Notice: On April 23, 2014, Statalist moved from an email list to a forum, based at statalist.org.
[Date Prev][Date Next][Thread Prev][Thread Next][Date Index][Thread Index]
Re: st: Stata bug? - Mixture of European/US dates using import excel
From
Phil Schumm <[email protected]>
To
Statalist Statalist <[email protected]>
Subject
Re: st: Stata bug? - Mixture of European/US dates using import excel
Date
Fri, 7 Feb 2014 16:45:07 -0600
On Feb 7, 2014, at 3:52 PM, Phillips, Patrick <[email protected]> wrote:
> If a spreadsheet has a column with a mixture of dates and strings, Stata will read this column in as a string when using the import excel command.
Correct -- what else could it do? If it reads the column as numeric, then it cannot preserve the string values.
> If a date is stored in excel as 'text' it is read into Stata directly as string.
Again, that makes sense.
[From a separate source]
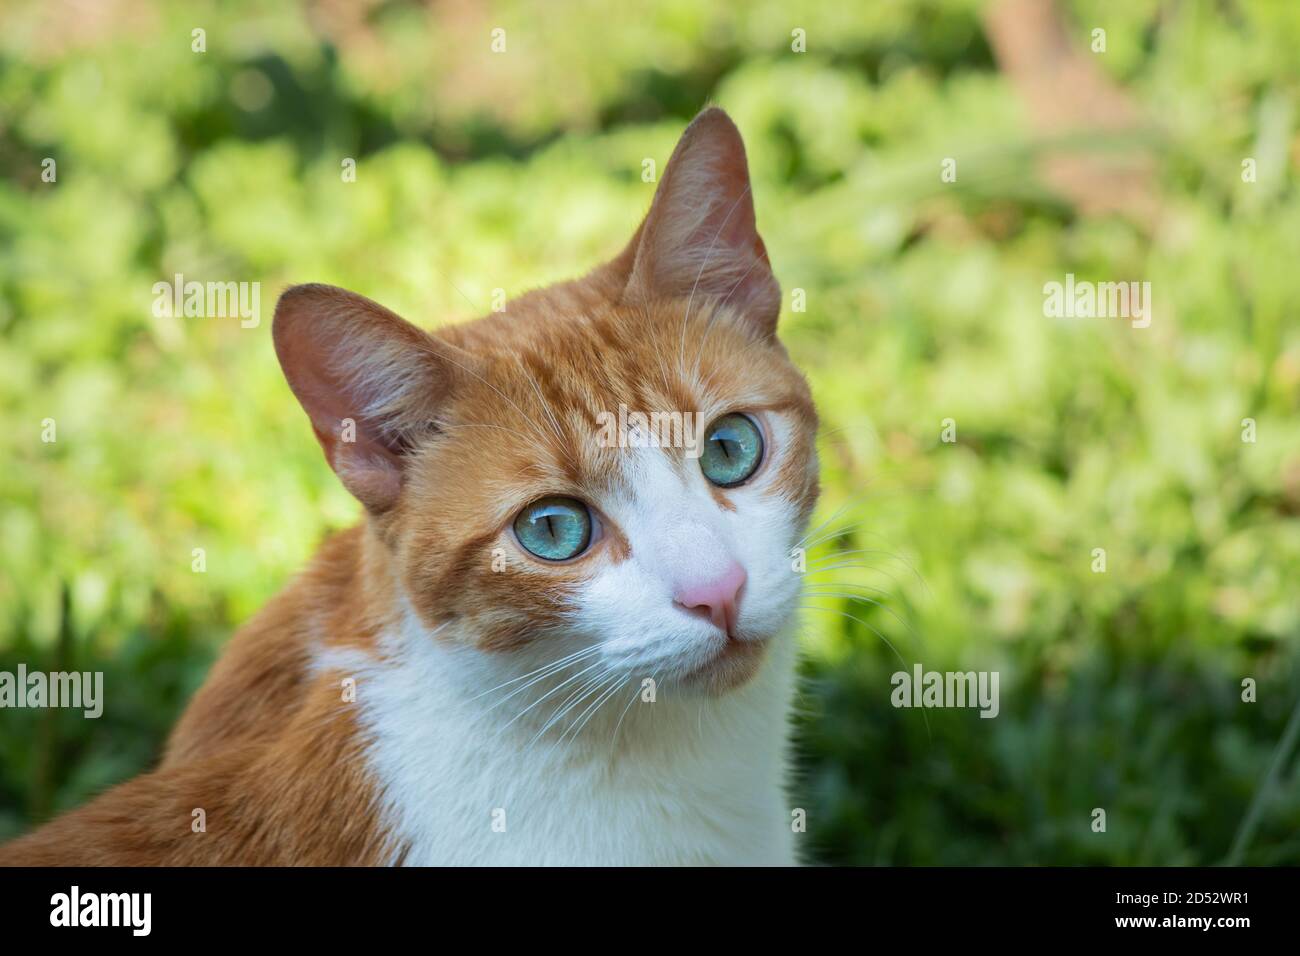 Mixed breed orange cat with green eyes staring Stock Photo

If the column is stored in Excel as text, Stata takes it at its word. I wouldn't want Stata looking at the data and trying to guess what the string values represent (Excel does this, and it can lead to serious errors, e.g., http://www.theregister.co.uk/2004/07/16/excel_vanishing_dna/).
> However, if a date is stored in excel as a 'date' it is converted to mm/dd/yyyy format and read into Stata as a string.
Yes, if Stata determines that a column contains text values, then it must read that column as text, translating any numeric values it finds into a reasonable text representation. For dates, it does this by converting the date into the human readable format %tdnn/dd/CCYY.
> You can see that if dates are formatted in excel as dd/mm/yyyy, they will then be read into Stata in a mixture of mm/dd/yyyy and dd/mm/yyyy formats depending on whether excel 'thinks' it is text or a date!
>
> Try copying the following three lines into excel (the white space at the front of the second row is important) and saving as an excel spreadsheet.
>
> 20/02/2013
> 20/02/2013
> Text
>
> When I read this into stata it looks like the following:
>
> +-------------+
> | A |
> |-------------|
> 1. | 2/20/2013 |
> 2. | 20/02/2013 |
> 3. | Text |
> +-------------+
>
> Very worrying as it is impossible to tease out which might be dd/mm/yyyy and which mm/dd/yyyy! Has anyone else had this same problem? Does anyone have any solutions?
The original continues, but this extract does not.